If electronic communications such as an email are intercepted, then it is illegal to use or disclose that communication pursuant to Fla. Stat. § 934.03. Florida law distinguishes between intercepting electronic communication with just accessing without authorization stored electronic communications. O’Brien v. O’Brien, at 1136-1137.
Intercepting electronic communications is done by contemporaneously copying the communications while they are transmitted. Id. For this reason, e-mails are rarely intercepted in violation of Fla. Stat. § 934.03. Id.
If the electronic communication was accessed without authorization and obtained while in electronic storage then it is still unlawful pursuant to Fla. Stat. § 934.21. Nevertheless, the separate section of the law does not make it illegal to use or disclose the communication accessed and obtained by another. For these reasons, accessing stored e-mails without authorization may be illegal pursuant to Fla. Stat. § 934.21, but then receiving that communication and disclosing it is not. Id.

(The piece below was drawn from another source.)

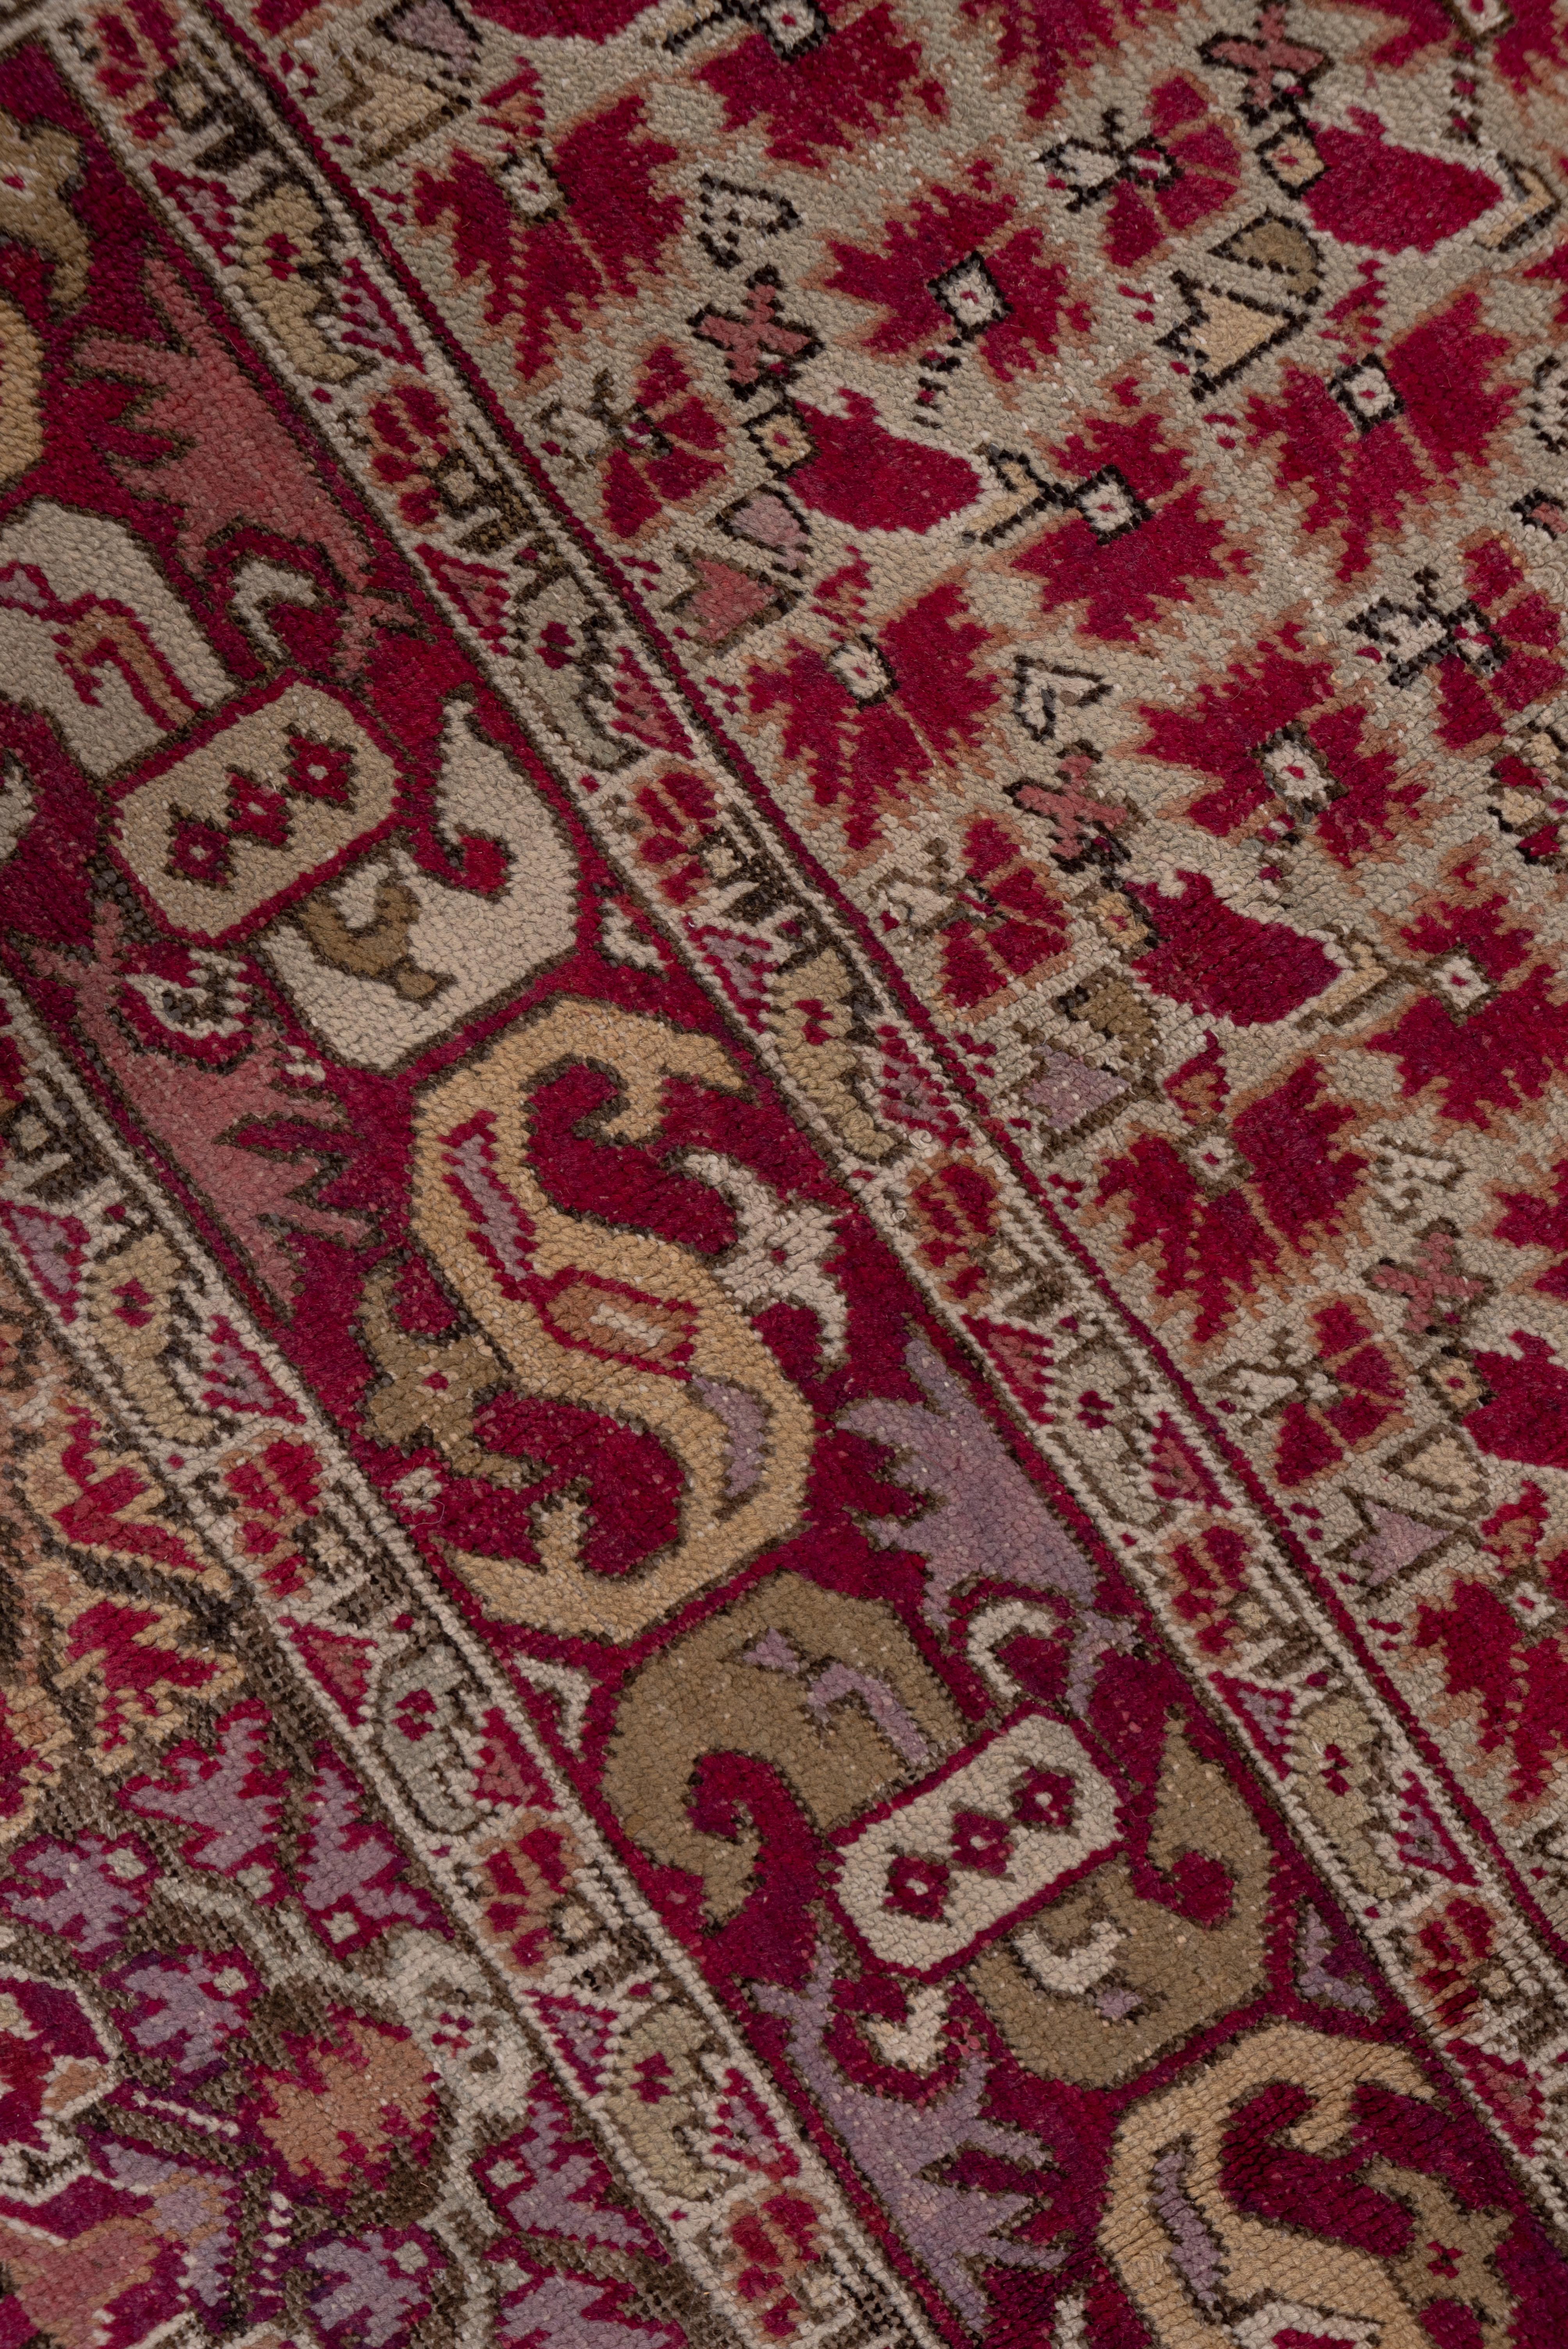 Early 20th Century Finely Woven Antique Turkish Ghiordes Rug, Ruby Red Field, circa 1900s For Sale

Under the Florida Act in § 934.06 wire and oral communications that have been intercepted illegally are inadmissible into evidence if it would then be a crime to disclose that same communication but:
- the evidence be intercepted to be inadmissible;
- the evidence must be illegal to disclose.
The statute specifically omits electronic communication from this rule of exclusion.

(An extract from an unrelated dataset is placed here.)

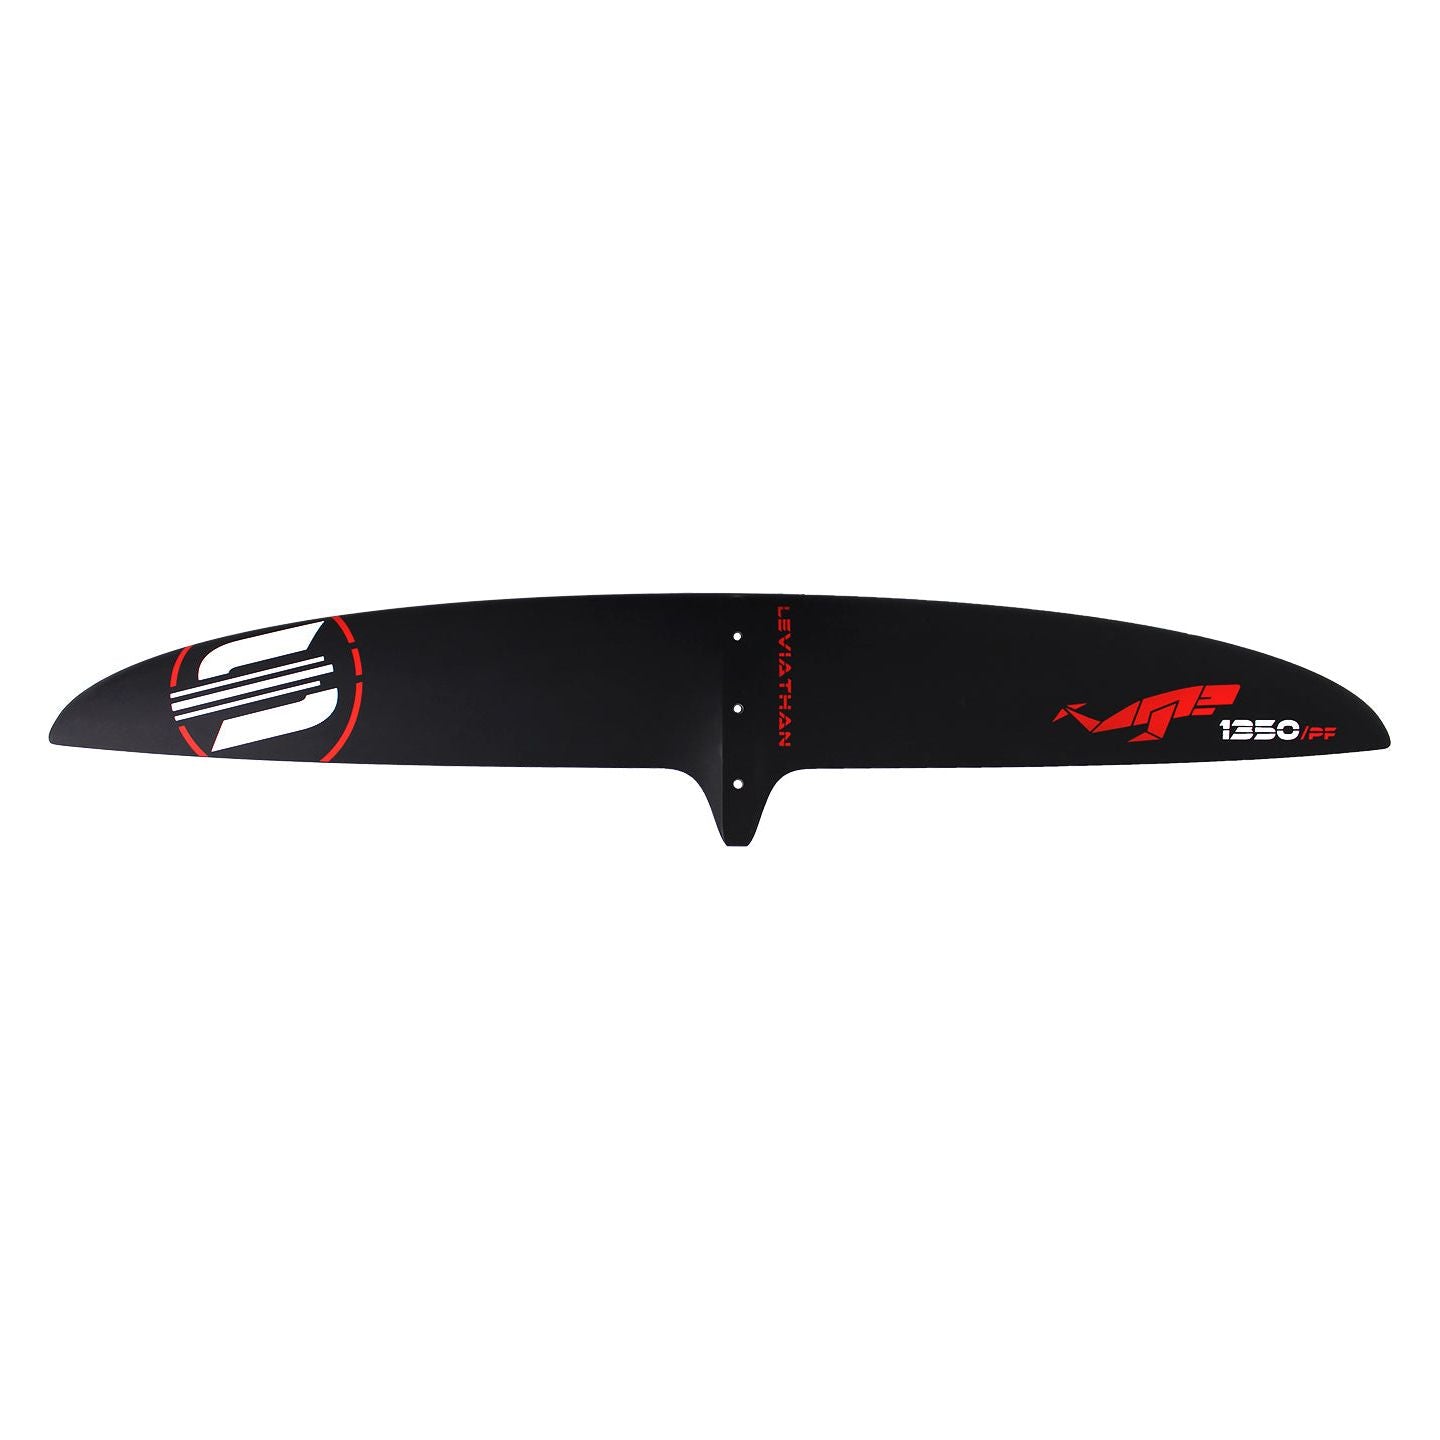 Sabfoil Leviathan 1350 Pro Finish | T8 Hydrofoil Front Wing

In many cases, since the communication is electronic, it is not specifically excluded from admissibility. This electronic communication from storage was also not intercepted and is thus not illegal to disclose.

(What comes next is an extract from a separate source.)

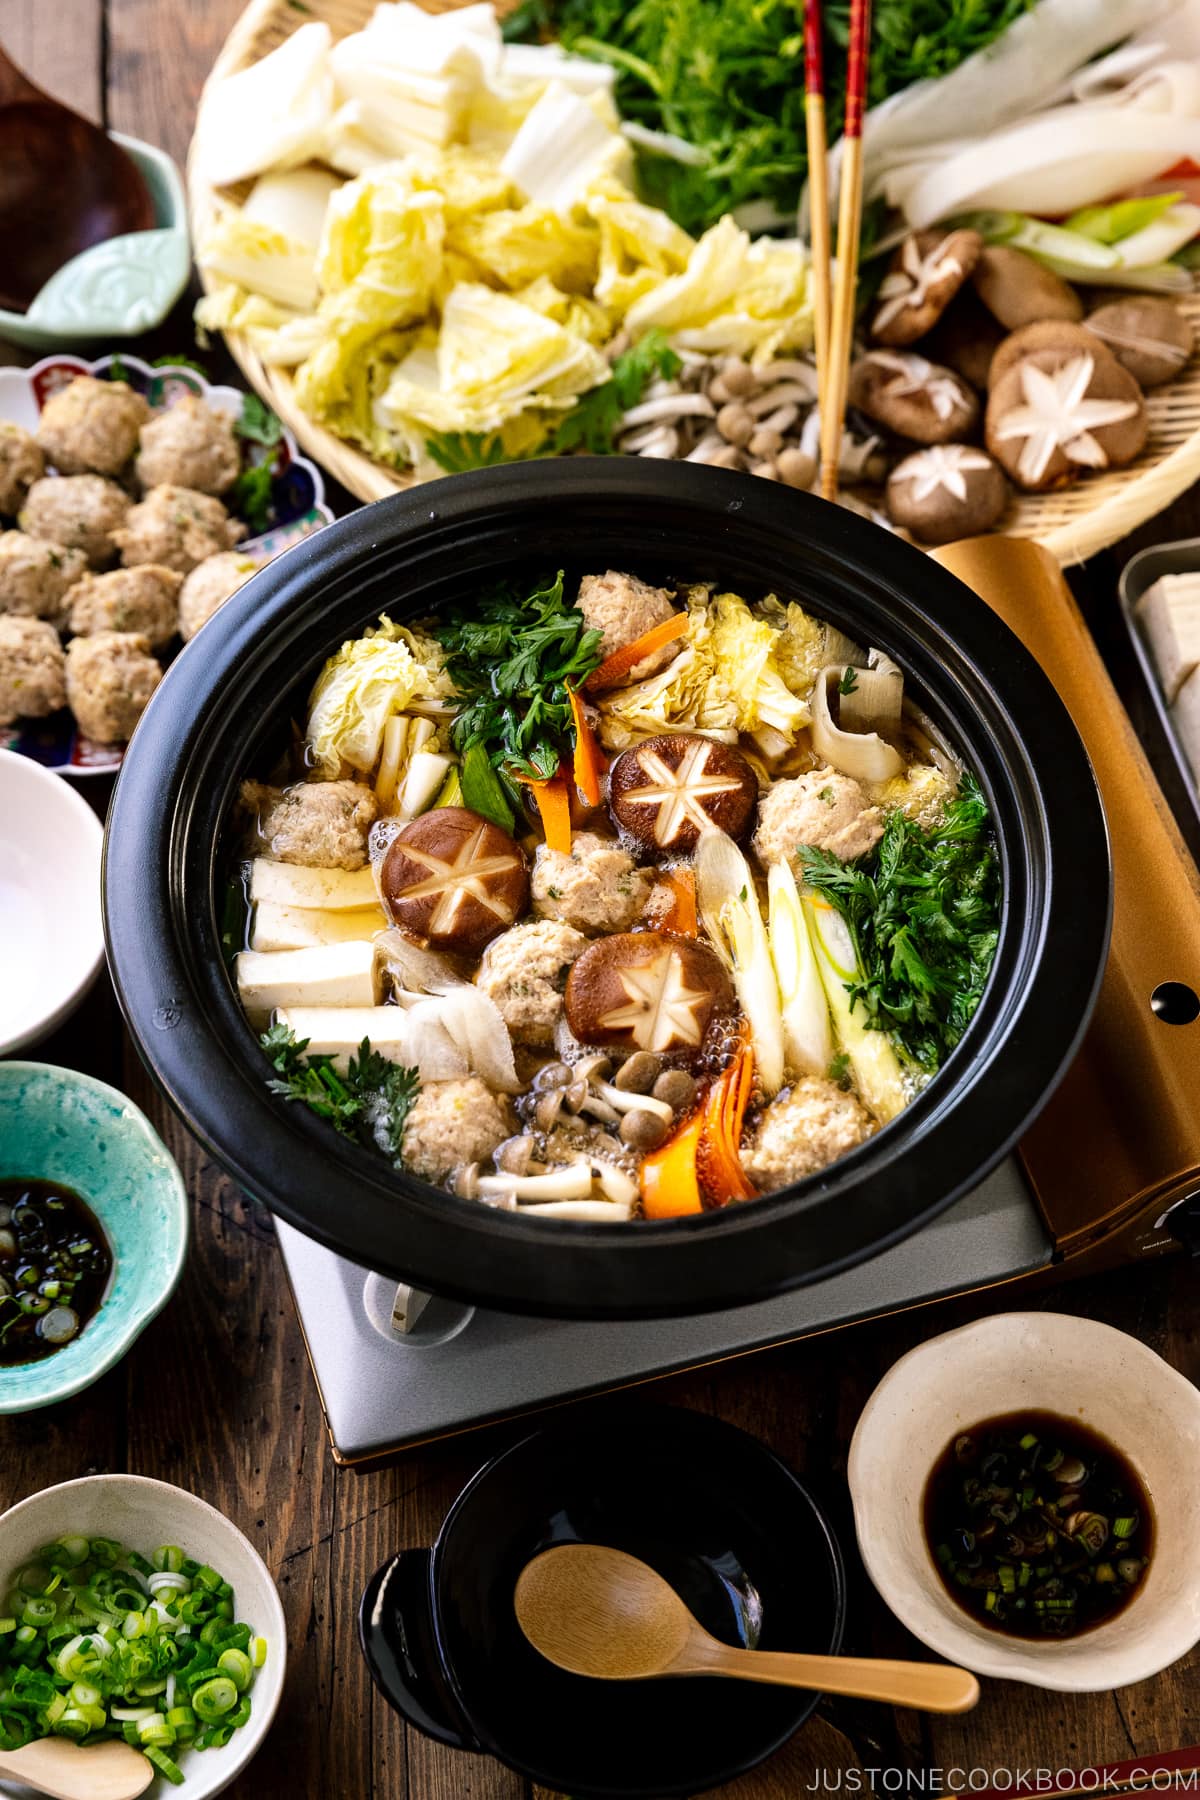 A Japanese clay pot simmering chicken meatballs, tofu, mushrooms, and various vegetables in a savory dashi broth.

For this reason, no specific statute precludes the admissibility of the evidence. Admission of evidence is still a matter within the discretion of the court. O’Brien v. O’Brien, at 1137 (citing Globe v. State, 877 So. 2d 663, 672 (Fla. 2004)).
In many cases, the e-mails are accessed from a stored location without authorization. For this reason, e-mails were obtained illegally pursuant to Fla. Stat. § 934.21. Nevertheless, the emails were not obtained using any type of software that intercepted the messages contemporaneously to the transmission.
For this reason, these types of e-mails are not illegal pursuant to Fla. Stat. § 934.03. In this circumstance, the e-mails can be received by defense counsel and then disclosed to the State Attorney’s Office and the Court. The Court can then determine whether the evidence will be admissible at trial.
This article was last updated on Wednesday, March 11, 2020.